PROBLEM DETAILS: Reproduce the data shown below exactly.

[Collected data entries]
********
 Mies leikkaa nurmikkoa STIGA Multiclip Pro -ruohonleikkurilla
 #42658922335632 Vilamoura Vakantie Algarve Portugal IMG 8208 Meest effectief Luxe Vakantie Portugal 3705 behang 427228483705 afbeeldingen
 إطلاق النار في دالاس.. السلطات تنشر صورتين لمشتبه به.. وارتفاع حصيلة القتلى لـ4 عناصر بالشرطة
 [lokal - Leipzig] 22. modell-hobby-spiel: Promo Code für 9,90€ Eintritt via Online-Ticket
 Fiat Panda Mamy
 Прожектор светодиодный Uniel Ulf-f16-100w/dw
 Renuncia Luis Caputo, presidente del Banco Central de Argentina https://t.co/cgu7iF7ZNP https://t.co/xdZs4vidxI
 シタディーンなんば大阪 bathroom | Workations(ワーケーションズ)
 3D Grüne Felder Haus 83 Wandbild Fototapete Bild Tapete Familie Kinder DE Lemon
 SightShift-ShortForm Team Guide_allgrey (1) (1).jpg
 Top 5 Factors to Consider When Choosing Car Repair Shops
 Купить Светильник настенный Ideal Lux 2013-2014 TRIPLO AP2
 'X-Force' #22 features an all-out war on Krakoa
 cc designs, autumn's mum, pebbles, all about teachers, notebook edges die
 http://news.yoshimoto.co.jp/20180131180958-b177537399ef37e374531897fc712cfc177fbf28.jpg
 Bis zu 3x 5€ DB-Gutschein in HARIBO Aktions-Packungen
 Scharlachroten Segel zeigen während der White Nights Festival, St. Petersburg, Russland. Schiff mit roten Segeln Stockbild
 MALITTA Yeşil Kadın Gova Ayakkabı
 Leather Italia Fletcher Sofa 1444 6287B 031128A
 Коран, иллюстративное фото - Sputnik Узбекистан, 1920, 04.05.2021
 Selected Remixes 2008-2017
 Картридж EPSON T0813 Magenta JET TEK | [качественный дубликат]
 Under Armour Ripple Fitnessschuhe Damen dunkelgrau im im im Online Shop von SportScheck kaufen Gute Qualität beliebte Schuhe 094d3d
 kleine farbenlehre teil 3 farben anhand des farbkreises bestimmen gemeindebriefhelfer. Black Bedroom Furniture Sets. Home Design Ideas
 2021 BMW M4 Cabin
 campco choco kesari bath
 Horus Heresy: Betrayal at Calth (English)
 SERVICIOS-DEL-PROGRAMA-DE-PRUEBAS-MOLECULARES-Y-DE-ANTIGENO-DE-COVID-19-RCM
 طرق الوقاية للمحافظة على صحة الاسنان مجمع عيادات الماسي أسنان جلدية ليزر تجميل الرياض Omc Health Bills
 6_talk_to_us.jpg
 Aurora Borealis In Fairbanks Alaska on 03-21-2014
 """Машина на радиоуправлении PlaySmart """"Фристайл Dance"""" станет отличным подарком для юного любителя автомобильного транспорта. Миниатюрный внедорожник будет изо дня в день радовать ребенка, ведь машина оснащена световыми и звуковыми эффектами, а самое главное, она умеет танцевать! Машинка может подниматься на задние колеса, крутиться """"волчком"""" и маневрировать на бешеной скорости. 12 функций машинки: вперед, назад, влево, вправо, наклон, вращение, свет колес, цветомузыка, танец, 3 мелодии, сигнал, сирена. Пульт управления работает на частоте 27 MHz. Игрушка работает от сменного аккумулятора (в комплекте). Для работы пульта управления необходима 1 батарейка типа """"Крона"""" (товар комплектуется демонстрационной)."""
********
OUTPUT BELOW:
 Mies leikkaa nurmikkoa STIGA Multiclip Pro -ruohonleikkurilla
 #42658922335632 Vilamoura Vakantie Algarve Portugal IMG 8208 Meest effectief Luxe Vakantie Portugal 3705 behang 427228483705 afbeeldingen
 إطلاق النار في دالاس.. السلطات تنشر صورتين لمشتبه به.. وارتفاع حصيلة القتلى لـ4 عناصر بالشرطة
 [lokal - Leipzig] 22. modell-hobby-spiel: Promo Code für 9,90€ Eintritt via Online-Ticket
 Fiat Panda Mamy
 Прожектор светодиодный Uniel Ulf-f16-100w/dw
 Renuncia Luis Caputo, presidente del Banco Central de Argentina https://t.co/cgu7iF7ZNP https://t.co/xdZs4vidxI
 シタディーンなんば大阪 bathroom | Workations(ワーケーションズ)
 3D Grüne Felder Haus 83 Wandbild Fototapete Bild Tapete Familie Kinder DE Lemon
 SightShift-ShortForm Team Guide_allgrey (1) (1).jpg
 Top 5 Factors to Consider When Choosing Car Repair Shops
 Купить Светильник настенный Ideal Lux 2013-2014 TRIPLO AP2
 'X-Force' #22 features an all-out war on Krakoa
 cc designs, autumn's mum, pebbles, all about teachers, notebook edges die
 http://news.yoshimoto.co.jp/20180131180958-b177537399ef37e374531897fc712cfc177fbf28.jpg
 Bis zu 3x 5€ DB-Gutschein in HARIBO Aktions-Packungen
 Scharlachroten Segel zeigen während der White Nights Festival, St. Petersburg, Russland. Schiff mit roten Segeln Stockbild
 MALITTA Yeşil Kadın Gova Ayakkabı
 Leather Italia Fletcher Sofa 1444 6287B 031128A
 Коран, иллюстративное фото - Sputnik Узбекистан, 1920, 04.05.2021
 Selected Remixes 2008-2017
 Картридж EPSON T0813 Magenta JET TEK | [качественный дубликат]
 Under Armour Ripple Fitnessschuhe Damen dunkelgrau im im im Online Shop von SportScheck kaufen Gute Qualität beliebte Schuhe 094d3d
 kleine farbenlehre teil 3 farben anhand des farbkreises bestimmen gemeindebriefhelfer. Black Bedroom Furniture Sets. Home Design Ideas
 2021 BMW M4 Cabin
 campco choco kesari bath
 Horus Heresy: Betrayal at Calth (English)
 SERVICIOS-DEL-PROGRAMA-DE-PRUEBAS-MOLECULARES-Y-DE-ANTIGENO-DE-COVID-19-RCM
 طرق الوقاية للمحافظة على صحة الاسنان مجمع عيادات الماسي أسنان جلدية ليزر تجميل الرياض Omc Health Bills
 6_talk_to_us.jpg
 Aurora Borealis In Fairbanks Alaska on 03-21-2014
 """Машина на радиоуправлении PlaySmart """"Фристайл Dance"""" станет отличным подарком для юного любителя автомобильного транспорта. Миниатюрный внедорожник будет изо дня в день радовать ребенка, ведь машина оснащена световыми и звуковыми эффектами, а самое главное, она умеет танцевать! Машинка может подниматься на задние колеса, крутиться """"волчком"""" и маневрировать на бешеной скорости. 12 функций машинки: вперед, назад, влево, вправо, наклон, вращение, свет колес, цветомузыка, танец, 3 мелодии, сигнал, сирена. Пульт управления работает на частоте 27 MHz. Игрушка работает от сменного аккумулятора (в комплекте). Для работы пульта управления необходима 1 батарейка типа """"Крона"""" (товар комплектуется демонстрационной)."""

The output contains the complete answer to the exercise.